Мышкин остановился как вкопанный. Ему нестерпимо хотелось в туалет, он боялся, что если сейчас оглянется и увидит лицо старика, то обмочится. Он не хотел поворачиваться. Потому что годы, проведенные на острие, в постоянной опасности экстремальных вылазок, выработали в нем инстинкт самосохранения. И теперь этот инстинкт даже не кричал, он орал благим матом: БЕГИ ОТСЮДА! СПАСАЙ СВОЮ ШКУРУ, ПАРЕНЬ. ИЛИ ХАНА!
Мышкин дернулся, повинуясь инстинкту, его нога подвернулась на скользкой плитке. Старик держал его словно в клещах.
Мышкин медленно повернул голову. Он готов был расплакаться, разрыдаться, пустить в ход любые ухищрения и актерские штучки, которые не раз выручали в самых безвыходных ситуациях. Старик смотрел прямо в его глаза. Когда Мышкин увидел его зрачки — расширенные до предела, черные, бездонные, нечеловеческие зрачки, он понял, что ему ничто не поможет. Бесполезно.
В глубине зрачков пробежал холодный голубоватый огонь.
— Ты же был не один. Где второй, отвечай.
Не дожидаясь ответа, он схватил мальчика за шиворот и поволок его назад, по ступеньками. Мышкин сначала от наглости, а потом от ужаса потерял дар речи. Он привык, что так могут обращаться менты, но никак не старики в стенах больницы скорой помощи.
Толстуха с бэджем на выпирающей груди, сидящая в белой будке проходной у пропускного колеса даже бровью не повела. Мышкин взмахнул руками, хотел ей крикнуть «Помогите!», но воздух застрял в горле и ему удалось прохрипеть что-то нечленораздельное.

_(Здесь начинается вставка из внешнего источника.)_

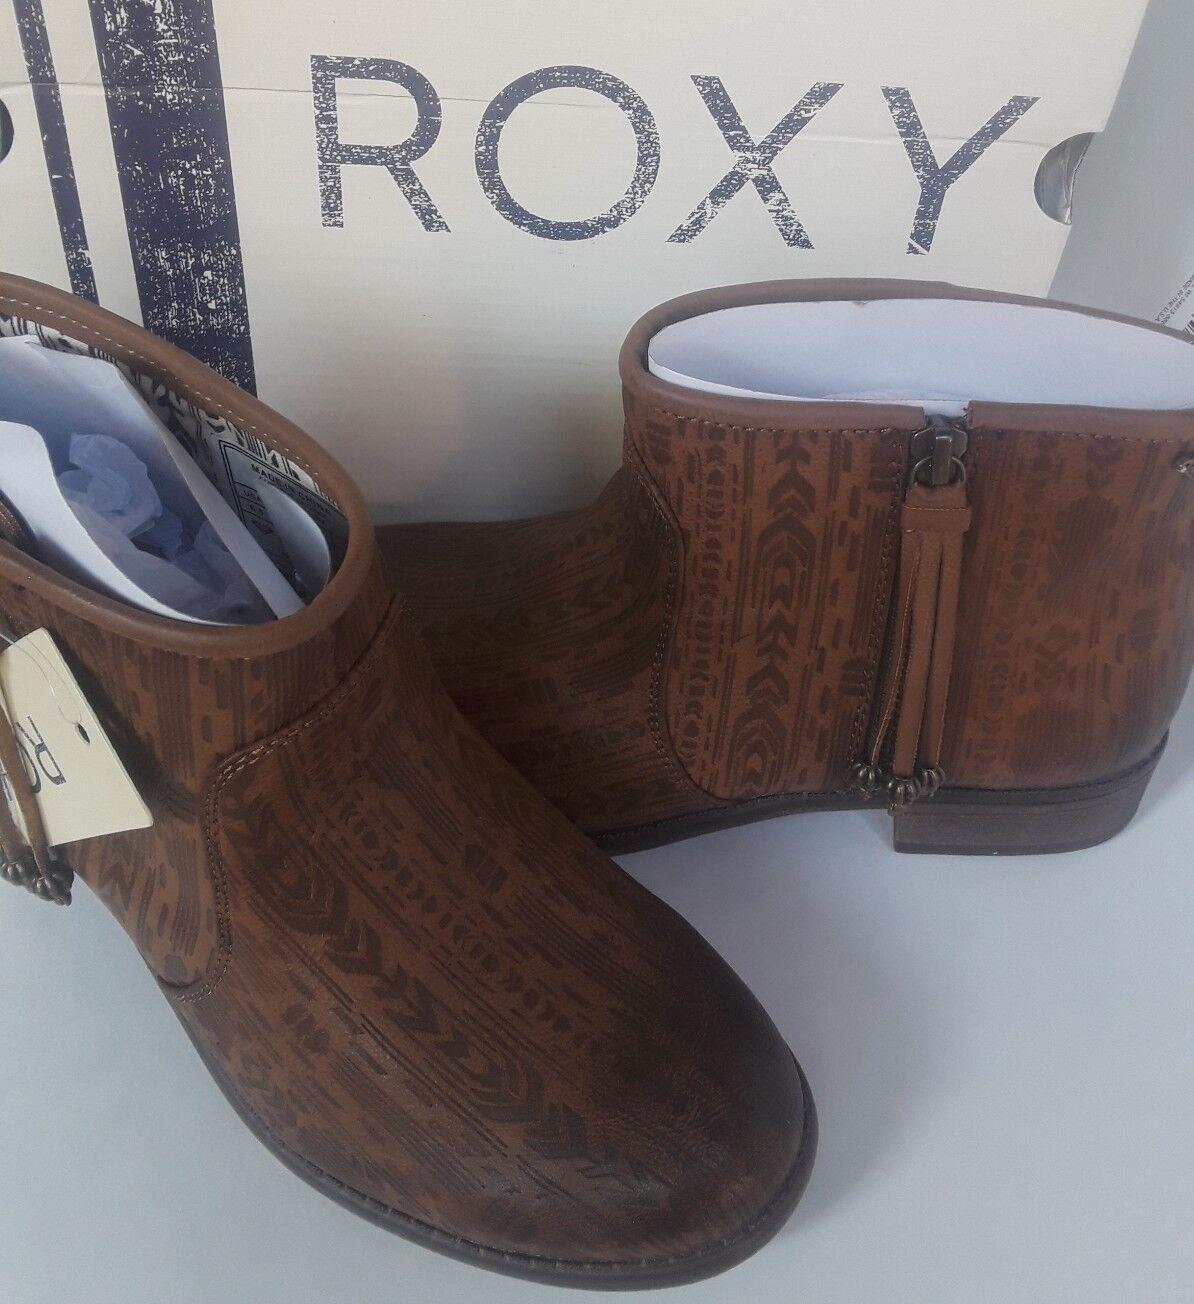 ROXY bottes femmes 6.5 Neuf avec étiquettes

Старик втащил его в темный коридор — ноги в сапогах волочились по полу, внутри все обмерло, мигом исчезла вся наглость, самоуверенность и бахвальство — он стал обычным испуганным мальчиком, даже более испуганным, чем можно было себе предложить.
— Куда… что… отпустите меня… дяденька… я у мамки был…
Старик молча втащил его в первый попавшийся кабинет, сграбастал худое тело и бросил на кушетку. Света в кабинете не было — только желтое мерцание уличного фонаря отражалось в стеклянных дверцах больничного стеллажа.
Мышкин ничего не понял, но когда мгновение спустя старик жадно припал к его губам, жуткая, безраздельно отвратительная мысль, такая позорная и мерзкая, что он даже не мог произнести ее внутри себя, пронзила мозг.
Чернота захлестнула мысли и чувства. Он словно провалился в сточную канаву, заполненную до краев говном и фильтратом, этой ядовитой субстанцией, вытекающей из под свалки и пожирающей все живое на своем пути. Но только это был не фильтрат. И это был не тот человек, о котором он даже боялся подумать и тем более, сказать вслух, иначе несмываемое клеймо позора осталось бы с ним на всю жизнь. Нет. Это было что-то гораздо более ужасное. Он понял это слишком, слишком поздно, когда его бессильный вопль слился с чавкающим экстазом твари в человеческом обличье.
Глава 43
Андрей припарковал «Тигра» возле больницы. Маша сидела рядом, сжав губы. Над городом стоял вой сирен машин скорой помощи, но ни одна из них почему-то не доезжала до больницы. Он осмотрел территорию за забором, тускло освещенную фонарями. Каждый сантиметр здесь был ему знаком, многие дни и ночи он провел под окнами дочери, проклиная себя за тот день, когда он подписал разрешение на вакцинацию вопреки воле жены.
Она как чувствовала, думал он, заливая горе водкой. Мать всегда чувствует приближение к детям опасности и старается защитить их. Он же ничего не ощущал. Только упоение своими знаниями. Он был таким всеведущим.